Pictured, Stone 21 in the western sector of Stonehenge. According to the monument’s website, Stonehenge was built in four stages
English Heritage explains: ‘At Stonehenge on the summer solstice, the sun rises behind the Heel Stone in the north-east part of the horizon and its first rays shine into the heart of Stonehenge.
‘Observers at Stonehenge at the winter solstice, standing in the enclosure entrance and facing the centre of the stones, can watch the sun set in the south-west part of the horizon.’
Professor Darvill thinks dwellers at the famous henge not only used to track times of the year, but days of the month too.
‘What they did I think was simply to mark the days represented by the stone,’ he told MailOnline.
‘We have some later prehistoric calendars where they list the days and have a hole next to each so they could mark them with a peg.
‘I think something similar would have happened at Stonehenge, perhaps using a small stone or a wooden peg.’

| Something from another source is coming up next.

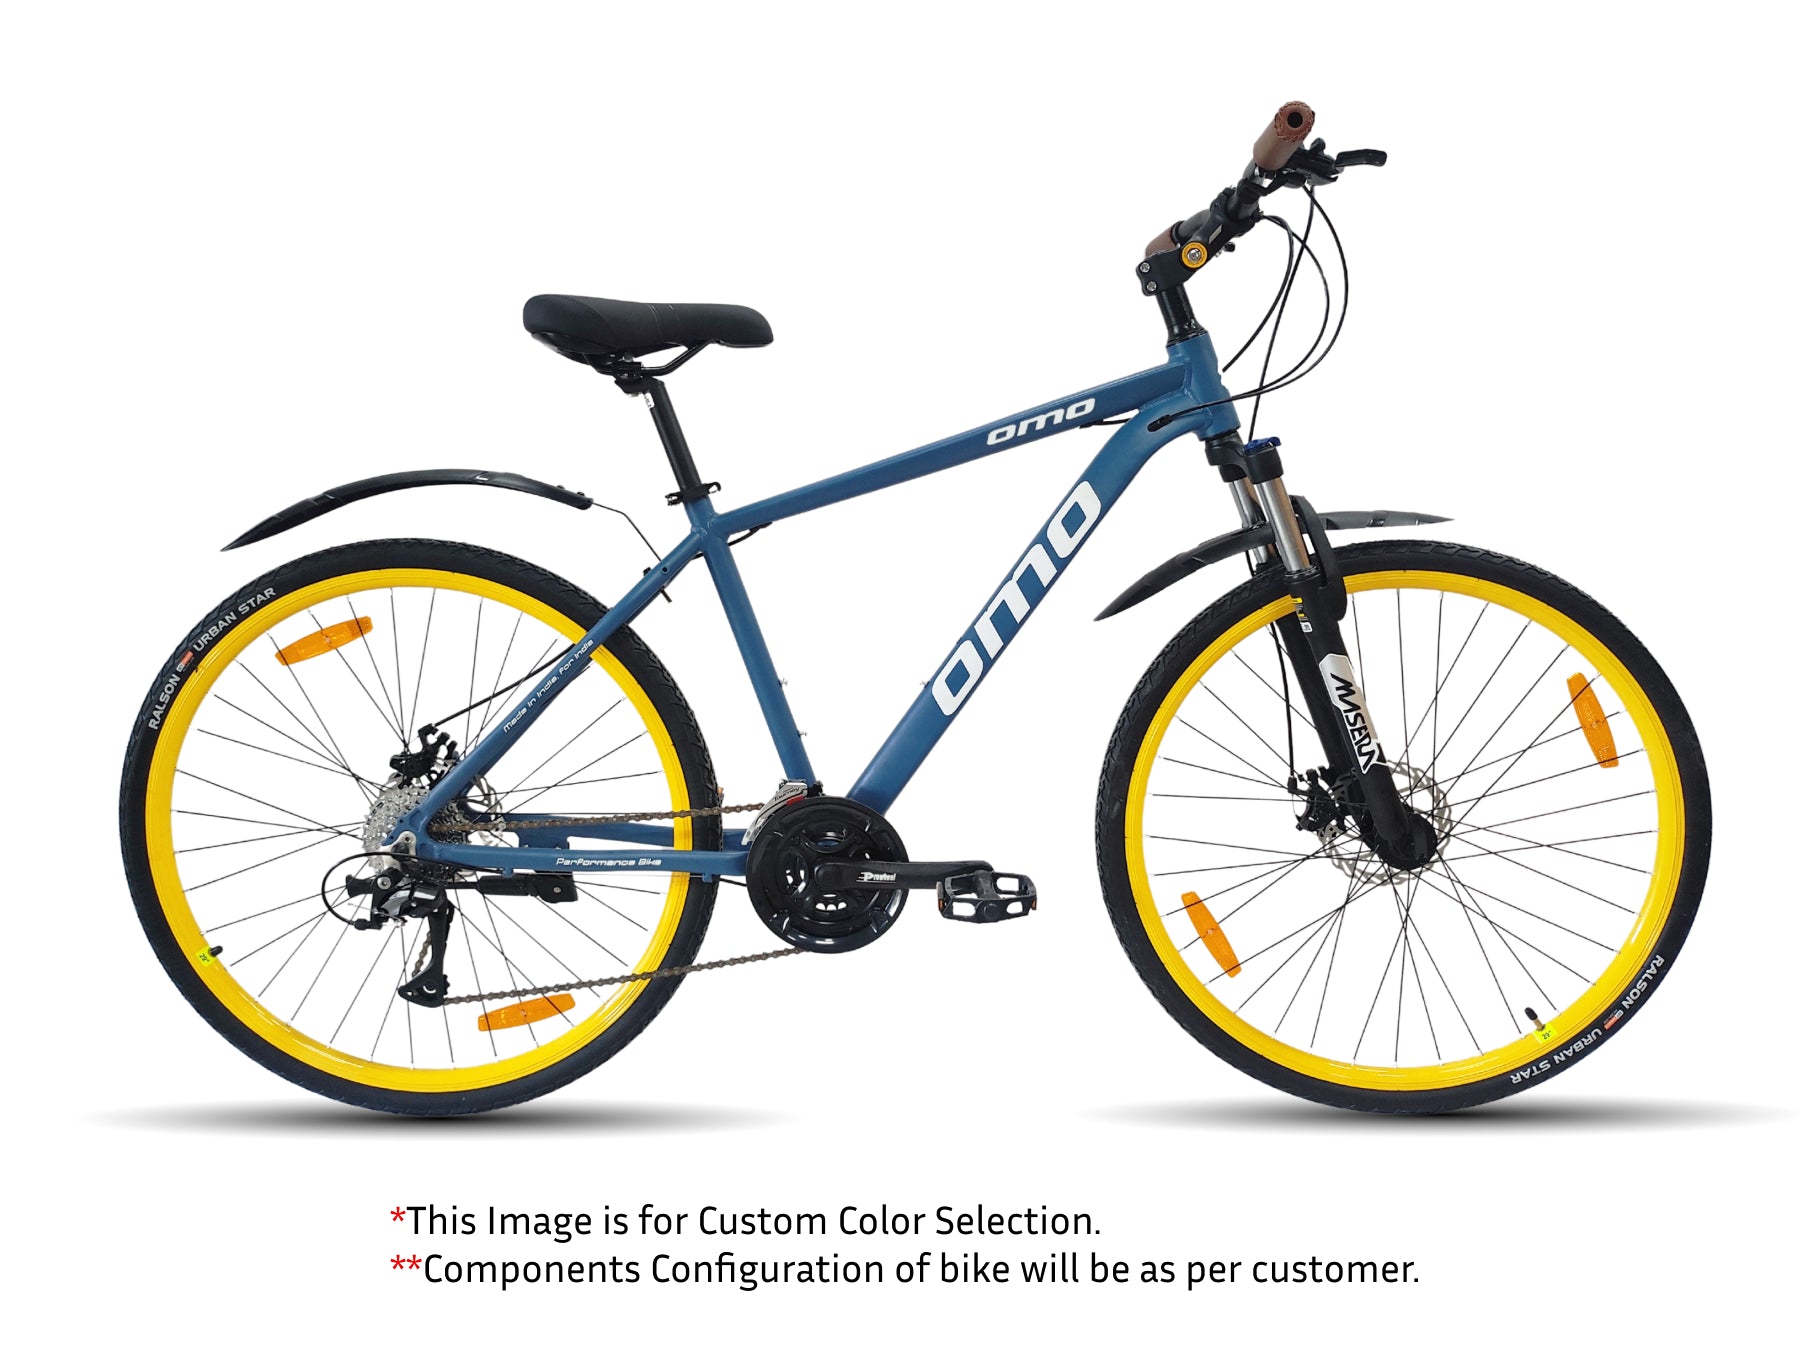 ALLOY HYBRID  24GEAR ZOOM 700C (29_) Blue  Yellow bestseller omobikes hybrid bicycle

Professor Darvill also thinks the calendar could mark the 12 monthly cycles of 30 days each – adding up to a year.
But the astronomers counter this calling the device ‘unknown’ and saying that the 12 months are not represented by the monument.
Professor Darvill ultimately thinks the new paper ‘picks away at the corners with a series of assertions supported only by the content of their own previous publications’.
‘They also fall into the trap that has caught many archaeo-astronomers – the idea that prehistoric people worked at a high level of precision,’ he told MailOnline.
‘They didn’t, they used observations, posts, and pieces of string – the theodolite and compass had yet to be invented.’
Although no one can be certain why Stonehenge was built, a school of thought that it served as an ancient calendar has long existed – but the British expert pinpointed how it likely functioned.
Other theories include that it was a cult centre for healing, a temple, a place where ancestors were worshipped or even a graveyard.
MailOnline has contracted Dr Magli and Professor Belmonte about any theories they might have surrounding Stonehenge’s purpose.
Their new paper has been published in the journal Antiquity.